Asp. NET Tutorial: Removing duplicate content using. ashx files

Source: Internet
Author: User

Different links point to the page if there are a lot of the same content, this phenomenon will be called "duplicate content", if a site repeated a lot of content, the search engine will think that the value of the site is not high. So we should try to avoid all kinds of repetitive content.

The repetitive content of dynamic Web sites is often caused by URL parameters, and URL rewriting will worsen this phenomenon (more intriguing yo, hehe). Because if the use of the original URL parameters, the search engine may make appropriate judgments, and learned that the duplicate content is caused by the URL parameters, automatic processing, and URL rewriting mask URL parameters, instead of the search engine can not recognize the URL parameters. Like what:

The original URL:
Http://www.freeflying.com/articles.aspx?id=231&catelog=blog
Http://www.freeflying.com/articles.aspx?id=231&catelog=news

URL rewritten after URL:
Http://www.freeflying.com/blog/231.html
Http://www.freeflying.com/news/231.html

These URLs point to the page content is actually the same, are id=231 that article, but this article by the blog and news two columns, for various reasons of consideration, our final URL or as shown above.

There are two ways to deal with this, one is to "exclude" a Robot (robot) protocol, the other is to permanently redirect one URL to another by 301.

Today we'll talk about the robot agreement. Simply put, robot refers to the search engine, to Google, we call it "spider (spider)". Spiders are polite and will first ask for your advice before crawling the content of your Web page. And you communicated with robot based on the robot protocol.
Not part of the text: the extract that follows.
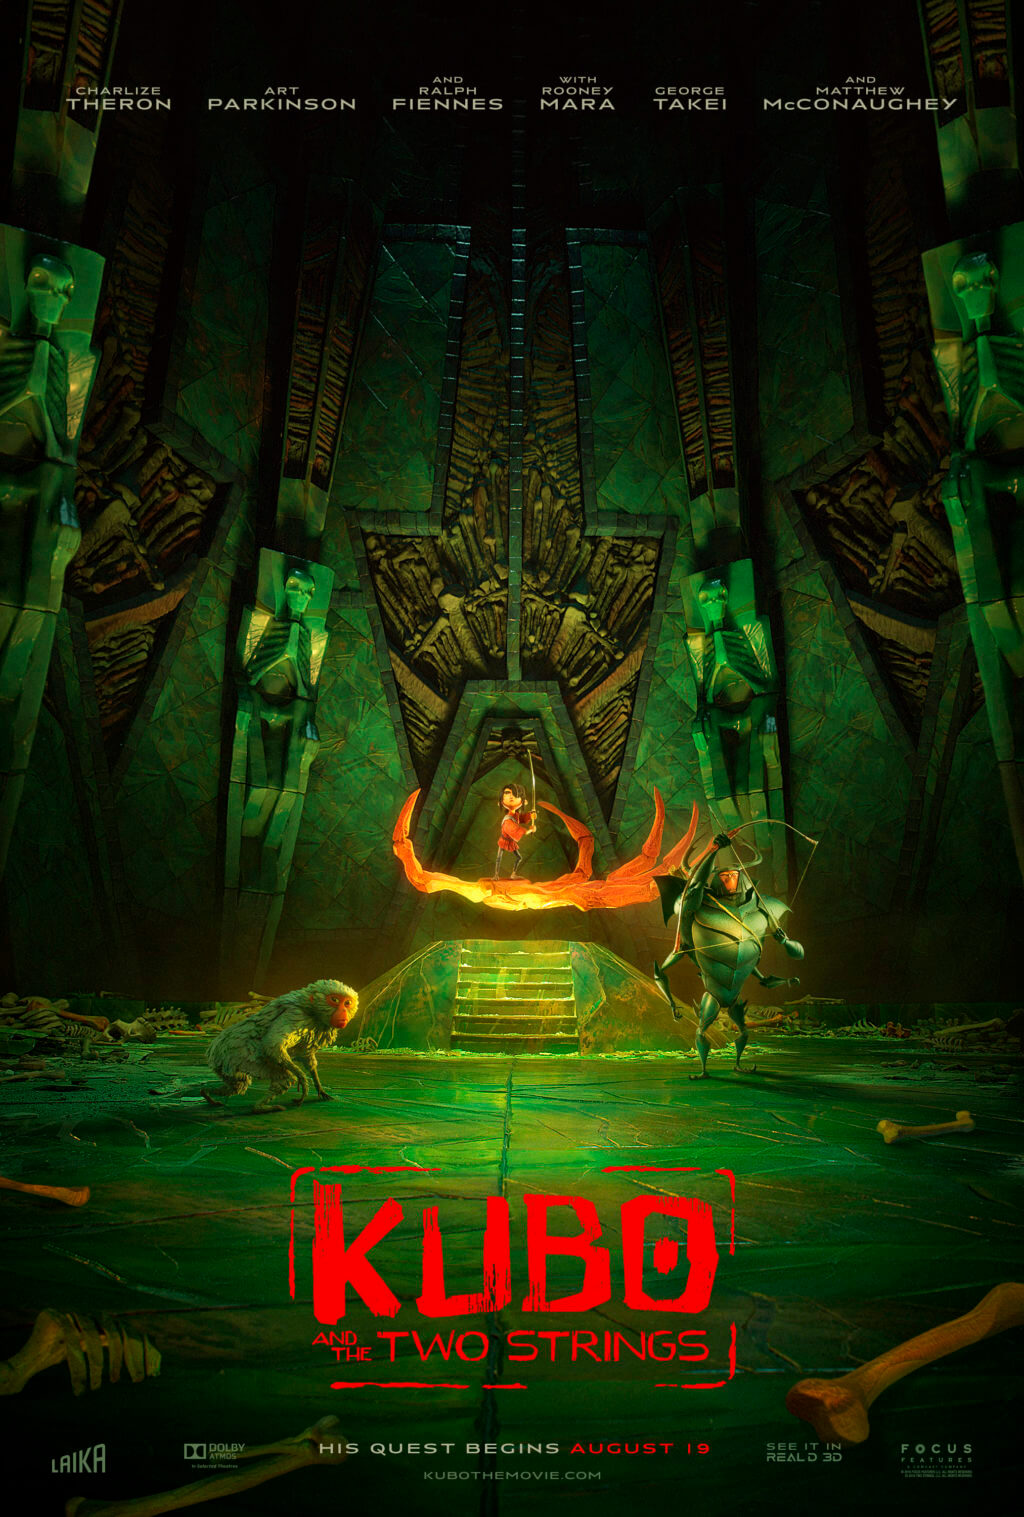 Come see what I thought of the new #movie Kubo and the Two Strings #KuboMovie #ad 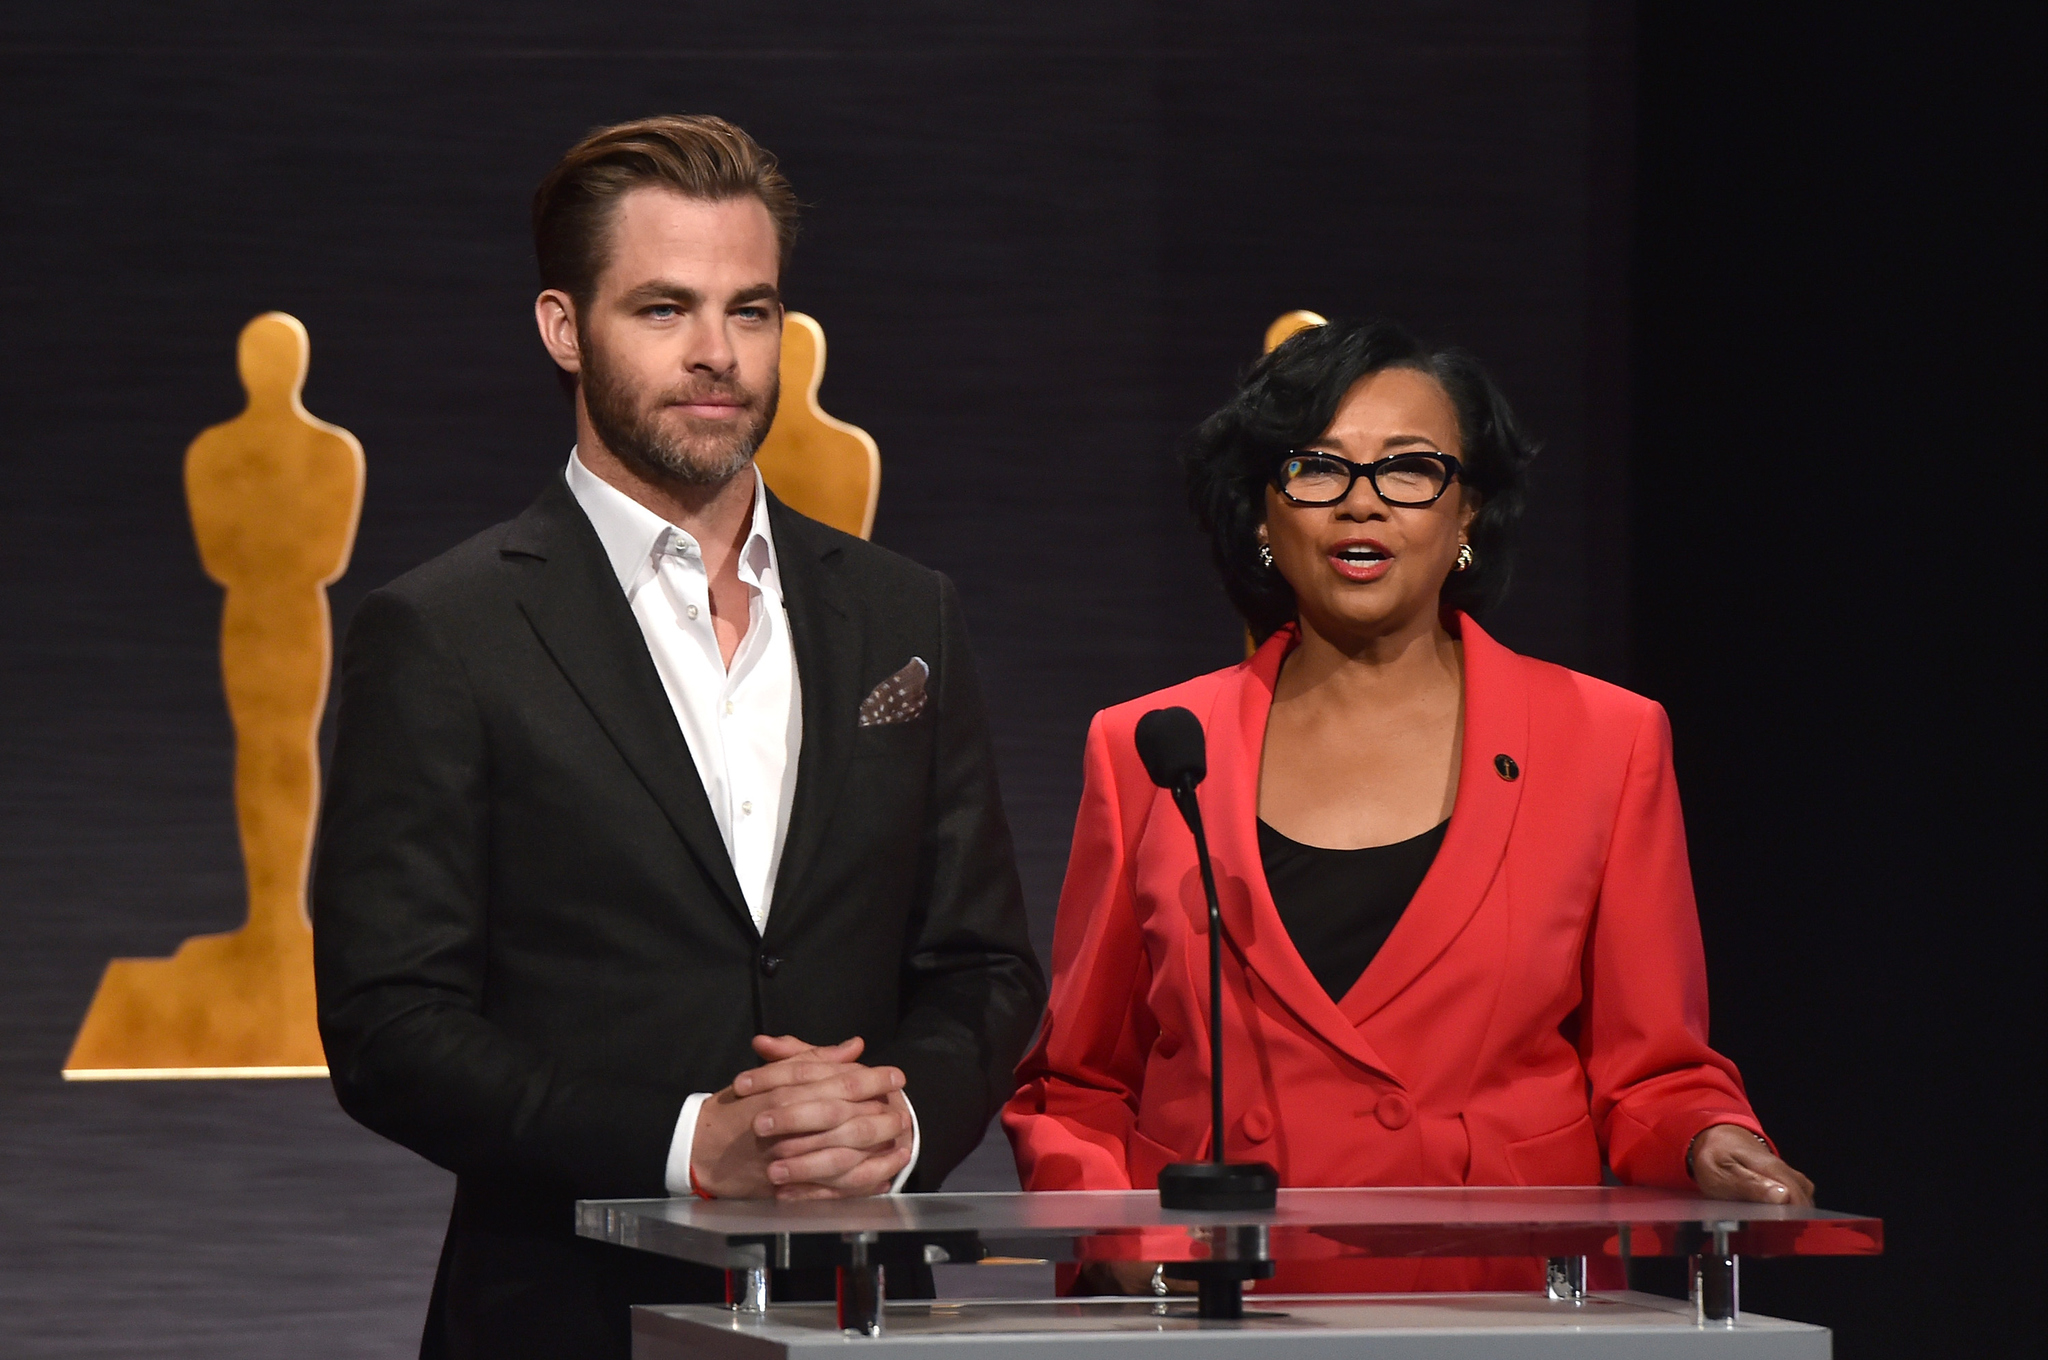 Chris Pine and Cheryl Boone Isaacs at event of The Oscars (2015)

Specific to implementation, there are two ways:

1. Add a robots.txt text to the site root directory, such as:

#static content, forbid all the pages under the "Admin" folder
User-agent: *
Disallow:/admin

#行表示注释;

User-agent refers to search engines, * for all search engines, can also specify specific search engines, such as User-agent:googlebot;

Disallow specifies a directory or page that is not allowed to be accessed, note: 1. This text is case-sensitive; 2. You must start with "\" to represent the site root directory;

As with the purpose of this series, we focus on asp.net technology. So for more robots.txt text notes, check out the http://www.googlechinawebmaster.com/2008/03/robotstxt.html

But how do we generate this file dynamically (a lot of demand in fact)? Perhaps we immediately think of is I/O operation, in the root directory to write a txt file ..., but there is also a way to: use a generic handler (. ashx file), the code is as follows:

<%@ WebHandler language= "C #" class= "Handler"%>

Using System;
Using System.Web;

public class Handler:ihttphandler {

public void ProcessRequest (HttpContext context) {

HttpResponse response = context. Response;

Response. Clear ();

Response.  ContentType = "Text/plain"; If you want to use IE6 to view the page, this is not a statement, for unknown reasons

The following two sentences in the actual use of the database should be dynamically generated
Response. Write ("user-agent: * \ n");
Response. Write ("Disallow:/news/231.html \ n");

Refers to a static file containing content that will not change the contents of the screen
Response. WriteFile ("~/static-robots.txt");

Response. Flush ();
}

public bool IsReusable {
get {
return false;
}
}

}

The general handler implements IHttpHandler, and in the previous Urlrewrite section we talked about HttpModule, in fact, in the ASP.net application lifecycle, there is a concept called "piping (Pipeline)": An HTTP request, After a httpmodule of a "filter/process", eventually reached a Httphandle "processor" part, HttpModule and Httphandle formed a "pipeline", very image yo, hehe. Put a picture on it:



Contact Us

The content source of this page is from Internet, which doesn't represent Alibaba Cloud's opinion; products and services mentioned on that page don't have any relationship with Alibaba Cloud. If the content of the page makes you feel confusing, please write us an email, we will handle the problem within 5 days after receiving your email.

If you find any instances of plagiarism from the community, please send an email to: info-contact@alibabacloud.com and provide relevant evidence. A staff member will contact you within 5 working days.

A Free Trial That Lets You Build Big!

Start building with 50+ products and up to 12 months usage for Elastic Compute Service

  • Sales Support

    1 on 1 presale consultation

  • After-Sales Support

    24/7 Technical Support 6 Free Tickets per Quarter Faster Response

  • Alibaba Cloud offers highly flexible support services tailored to meet your exact needs.